2018/09/12 10:55:49 fontsize-small fontsize-default fontsize-big
Stable weather forecast until approach of Typhoon Mangkhut

Taipei, Sept. 12 (CNA) Stable weather conditions are forecast to continue around Taiwan until Typhoon Mangkhut brings rain to the country on Saturday, the Central Weather Bureau (CWB) said Wednesday.

CWB forecaster Cheng Chuan-fang (程川芳) said Mangkhut, which was upgraded to a super typhoon on Tuesday, is expected to continue moving toward Taiwan over the next few days destabilizing the weather.

As of 8 a.m. Wednesday, the storm was located 1,865 kilometers east-southeast of Eluanbi on Taiwan's southernmost tip, moving at a speed of around 21 kilometers per hour in a westerly direction.

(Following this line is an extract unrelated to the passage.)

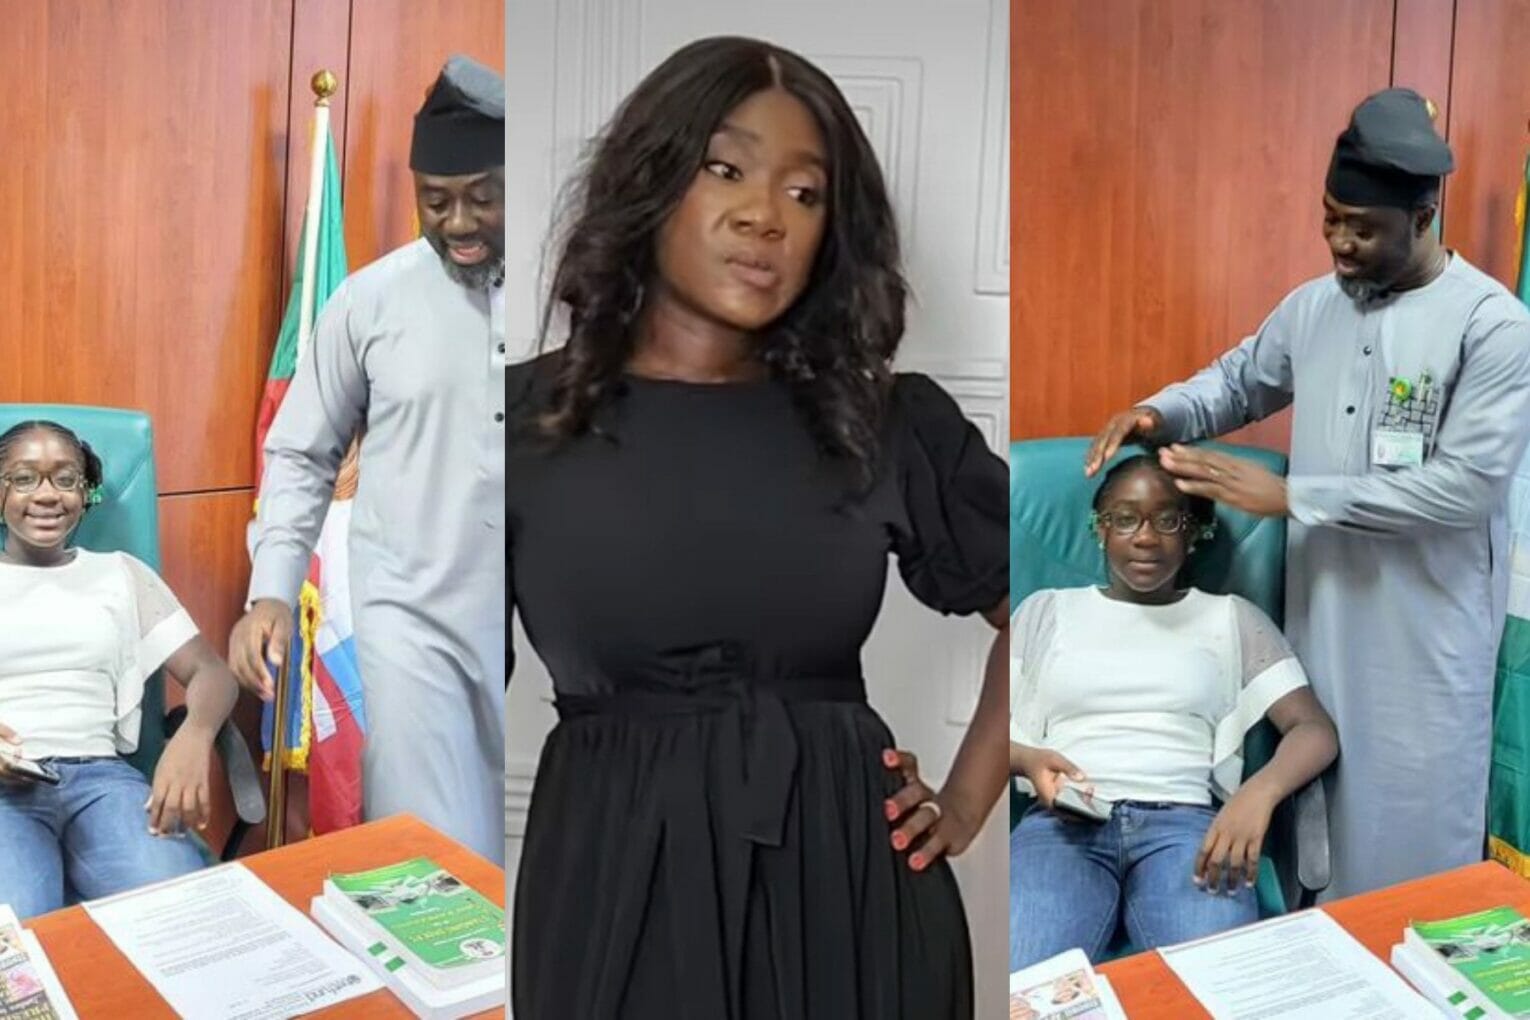 Mercy Johnson reacts as daughter storms husband's office

Cheng said Typhoon Mangkhut, the 22nd storm to form in the Western Pacific Ocean this year, has been moving so fast he did not rule out the possibility the CWB could issue a sea warning on Friday afternoon.

Starting Friday night and continuing on Saturday, occasional showers are possible in eastern Taiwan, as Mangkhut gets closer, while the southeastern part of the country and the Hengchun Peninsula could see heavier rain, Cheng said.

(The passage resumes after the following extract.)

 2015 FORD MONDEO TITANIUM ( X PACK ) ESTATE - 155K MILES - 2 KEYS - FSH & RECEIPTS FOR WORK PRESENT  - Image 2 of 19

However, before the storm arrives, the weather around Taiwan is expected to remain sunny until Saturday, he added.

On Wednesday, daytime temperatures are likely to range from 34-35 Celsius in western Taiwan and 32-33 degrees in the east, he said, adding that possible foehn winds -- which are dry, strong and hot downslope winds -- could push the mercury higher in some western areas.

Due to the high temperatures people are advised to remain hydrated to avoid heat stroke, Cheng said.

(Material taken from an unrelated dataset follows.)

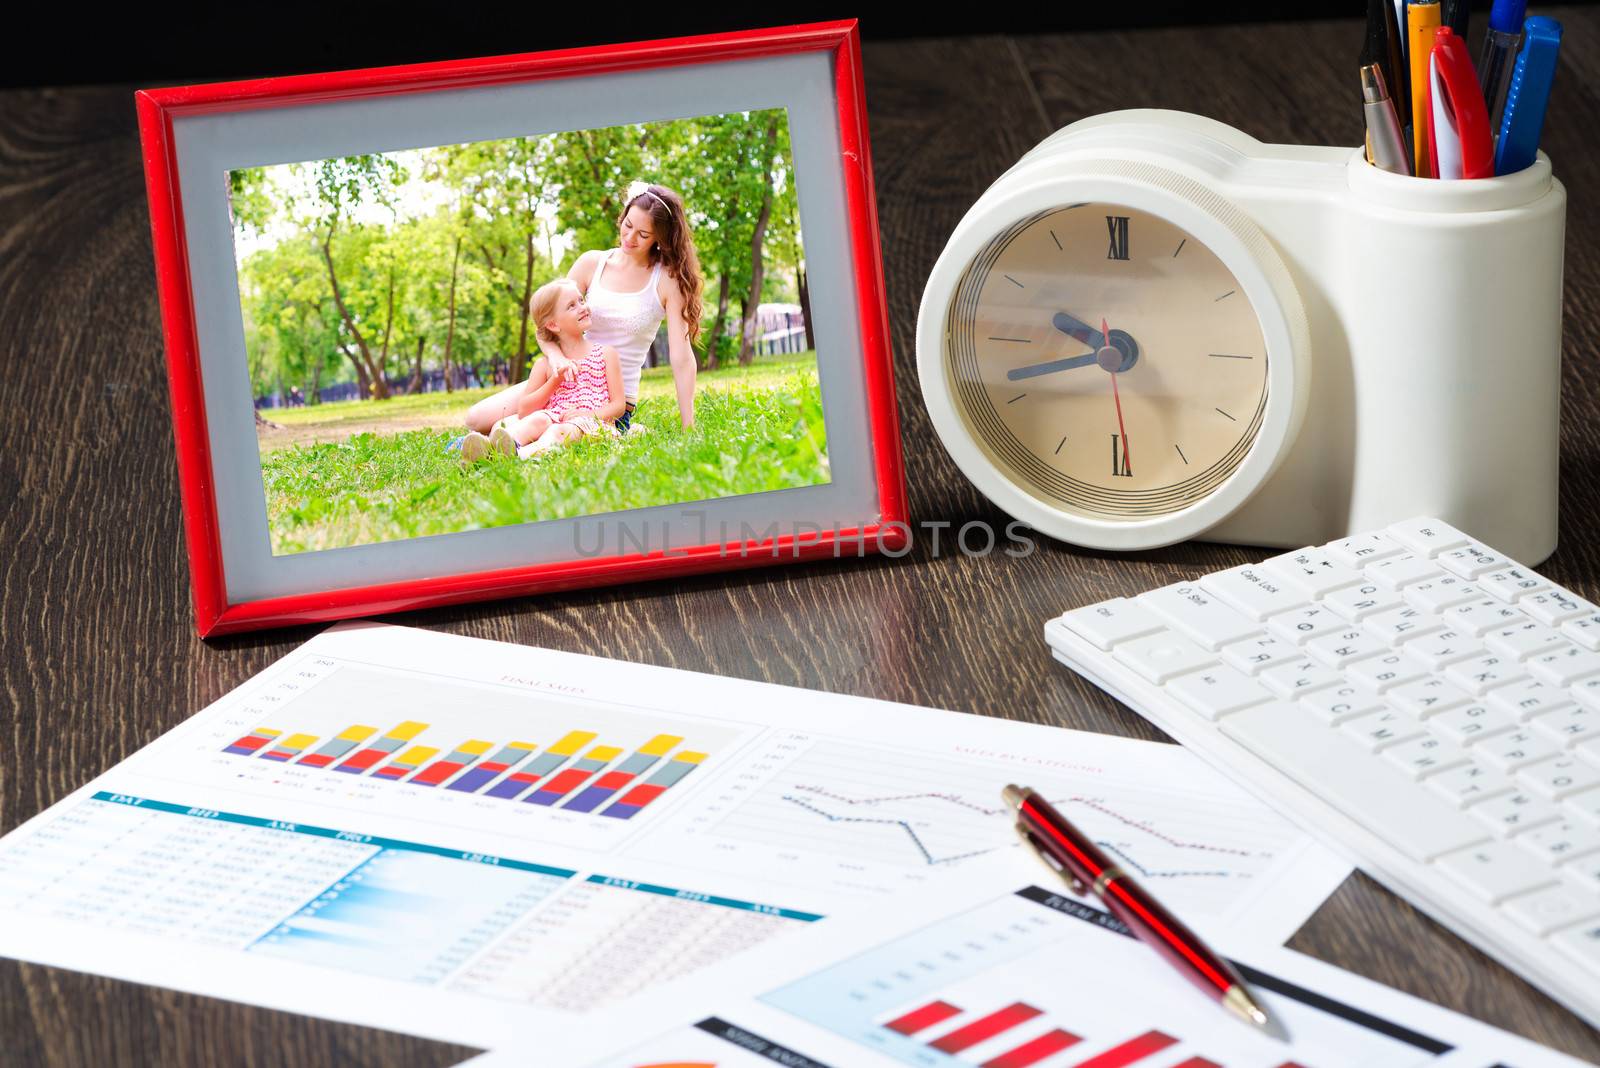 photo frame, business paper with growth graph, table clocks and keyboard. Workplace of the businessman.

In addition, many parts of Taiwan will also be exposed to dangerously high levels of ultraviolet radiation around midday Wednesday and people should take precautions if they have to go outdoors, he added.

Meanwhile, as of 8 a.m. Wednesday, Tropical Storm Barijat, the 23rd storm this year, was located 590 kilometers west-southwest of the Hengchun Peninsula but is not expected to affect Taiwan.